そこからの記憶はない、つまり俺が影姫と戦っていたことは知らないのか。
俺は安堵して暖かい息を真上に吐いた。
「お前、なんだよその服!」
「あーえっと……あ、これは一年でお化け屋敷をやるクラスがあるだろ? それの衣装なんだ」
「なんでその服をお前が着ているんだ」と言う顔をするが、それ以上は何も聞いてこなかった。
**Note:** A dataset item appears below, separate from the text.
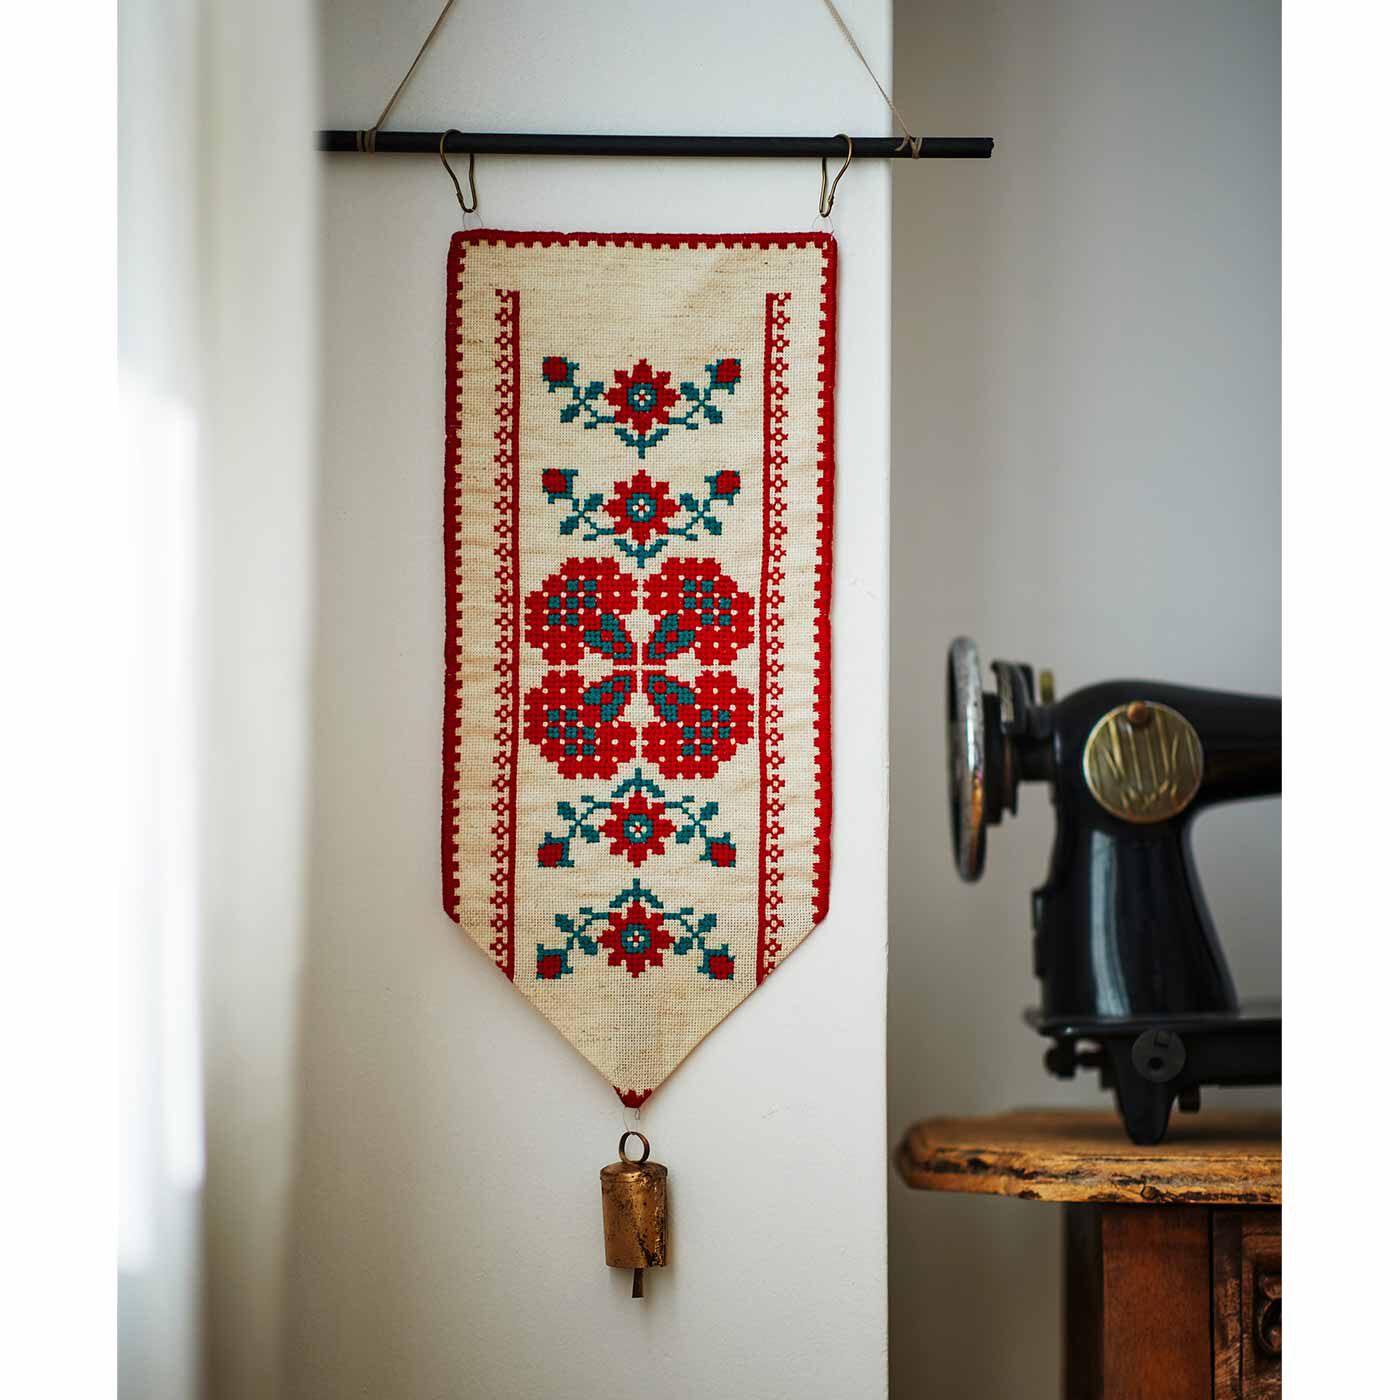 Couturier|トランシルヴァニアからの贈り物 カロタセグの編みクロスステッチタペストリーの会|一枚でも存在感たっぷり。カウベルを付けてベルプルにしても。
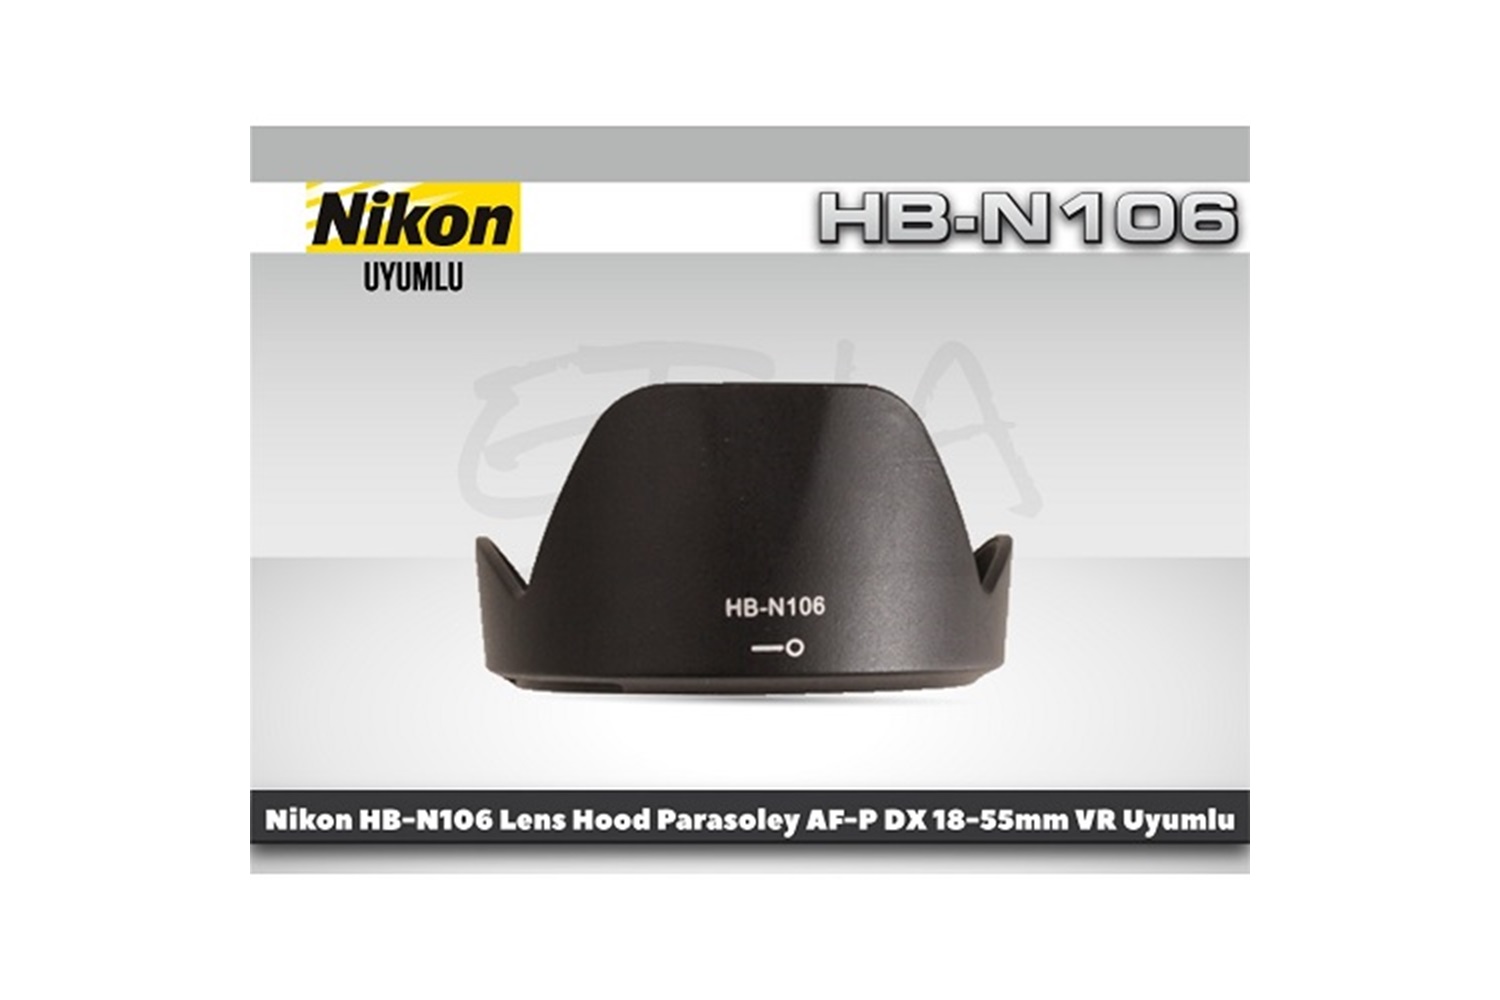 Tewise Nikon HB-N106 Parasoley AF-P DX 18-55mm Lens Uyumlu

橋本は少し前に話した感じとは違って今はおおらかな感じだ。
あの時から取り憑かれていたのか?
優しくなったことは嬉しいが少し変な感じだ。
そう考えていると、
「神代、今まですまん」
謝る橋本に少し驚いたが直ぐに俺は返答した。
「大丈夫だよ」
「いや大丈夫じゃない、俺はどうかしてたんだ」
「どうかしてたって?」
「それが少し前から変だったんだ、なんだか自分の気持ちが抑え切れなくなる」
きっと影姫に取り憑かれていたからだ。
じゃあ、こうなったのは考えればあの古水とバスケをした日よりも前からということだな。
俺は鼻先をさすりスマホで時刻を確認した。
そろそろ帰らないとだな。
橋本の腕を取り体を持ち上げる。
「なあ、火月」
「……どうした」
「俺、これからどうすればいいと思う?」
「そうだな……」
空はまた月が雲に隠れて光っていた。
風は生ぬるく俺の体を包むように吹く。
橋本は俺の顔を窺っているのかじっくり俺の方を見る。
「橋本のこれから」そんなものを俺が考えるべきではない。
自分の人生は自分で決めろとは言わない。
でもそれを俺なんかに聞くべきではない。
だがそうだな、一つ言うなら……
「橋本の、今考えていることをすれば良いんじゃないか?」
「え……」
驚いた顔をして、少しどこかを見た後また俺の方に向き変える。
何か俺に言って欲しいのだろう。
だが、別に伝えることなどない。
俺は手をポケットの中に入れ空を仰ぎながらため息をつく。
この休みが終われば次は文化祭か。
……たまには休暇も必要だな。
「さて、そろそろ帰ろう」
「……ああ」
俺たちは乾いた笑いを月に捧げた。